The original question (with sqrt(x-9) and x to zero) makes no sense, not even when you're talking about left- or right-handed limits. But if you're looking at sqrt(x), which is not defined for x<0, then you could say you're dealing with a right-handed limit. It really depends on how (formal) you defined the limit. It's certainly possible to talk about "the limit" in such a case, if you're restricting the values you're looking at to the intersection of a neighbourhood arround x=a and the domain of the function (without a itself). Then, in a case like sqrt(x), the definition already "tells you" you're only looking at x>0. I'm not sure if I'm being very clearJG89 said:TD, you're right. Strictly speaking about the set of real numbers, should the OP's question really be asking for a right-handed limit?
A limit of a function is the value that a function approaches as the input approaches a certain value. It represents the behavior of the function near that input value.
Yes, a limit of a function can exist even if the function itself does not exist at that point. This is because the limit only considers the behavior of the function near that point, not the actual value at that point.
To determine the limit of a function where it does not exist, you can use the left-hand and right-hand limits. If both the left-hand and right-hand limits approach the same value, then that value is the limit of the function. If they approach different values, then the limit does not exist.

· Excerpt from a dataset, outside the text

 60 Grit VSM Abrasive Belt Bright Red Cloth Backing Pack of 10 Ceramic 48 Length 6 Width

Understanding the concept of a limit of a function is important because it allows us to analyze the behavior of a function near a certain point, even if the function is not defined at that point. This is useful in many mathematical and scientific applications.

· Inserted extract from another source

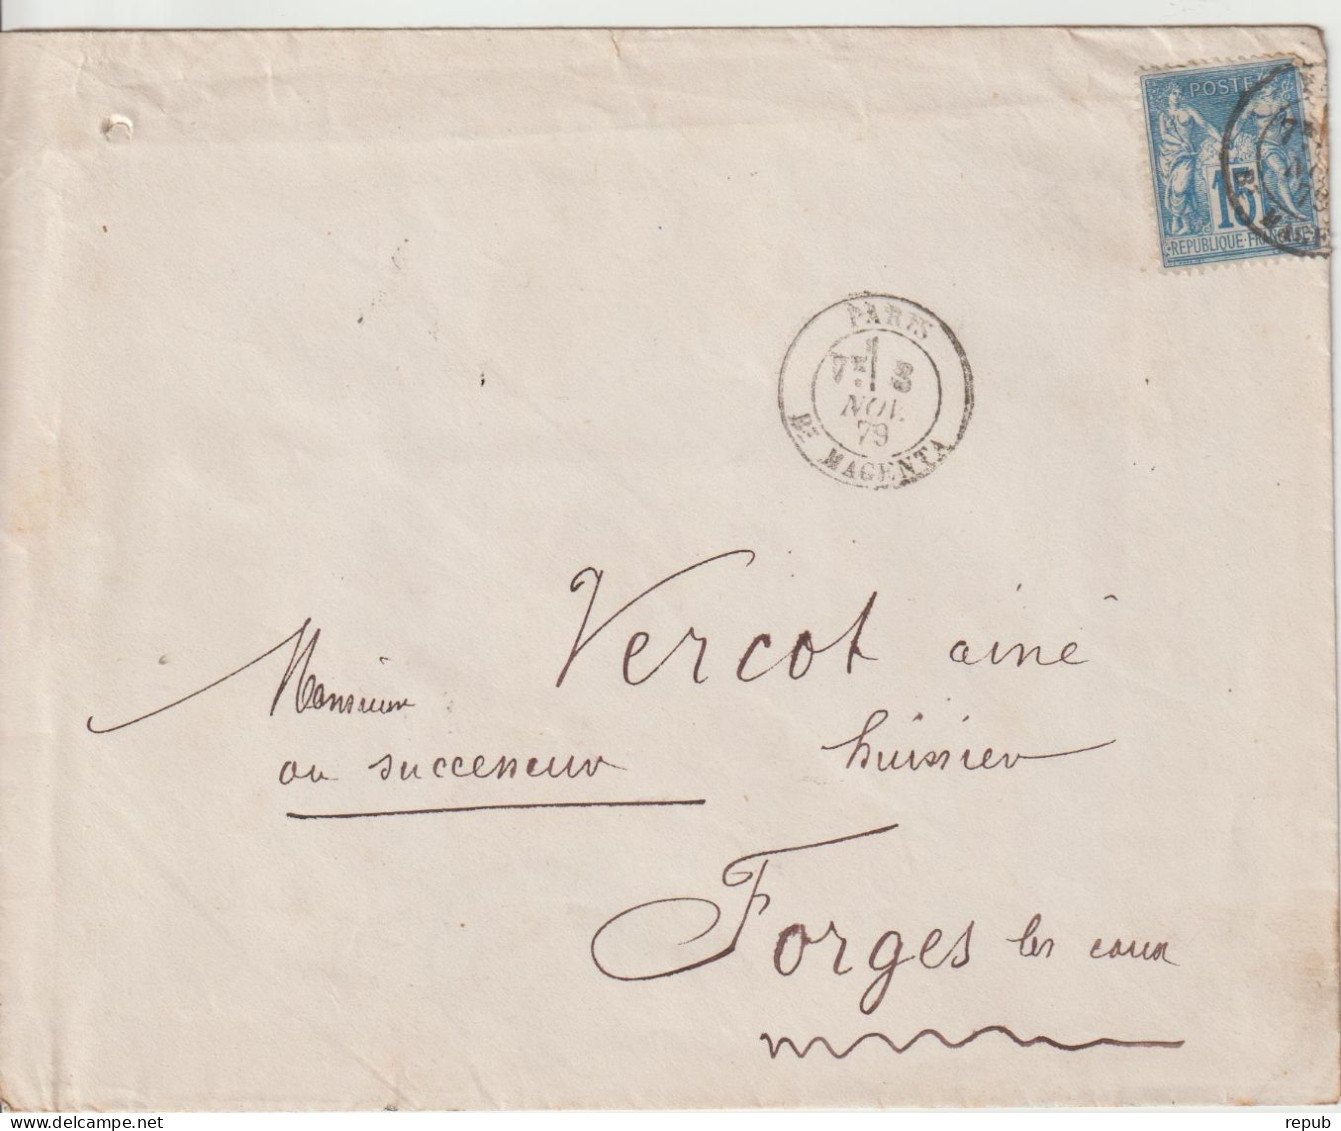 France Lettre 1879 De Paris Bd Magenta Pour Forges (76) - 1877-1920: Période Semi Moderne

Yes, there are many real-world applications of taking the limit of a function where it does not exist. For example, in physics, limits are used to analyze the behavior of a system as it approaches a certain state or condition. In economics, limits are used to analyze the behavior of a market as it approaches certain levels of supply and demand. In engineering, limits are used to analyze the behavior of a system as it approaches its maximum capacity.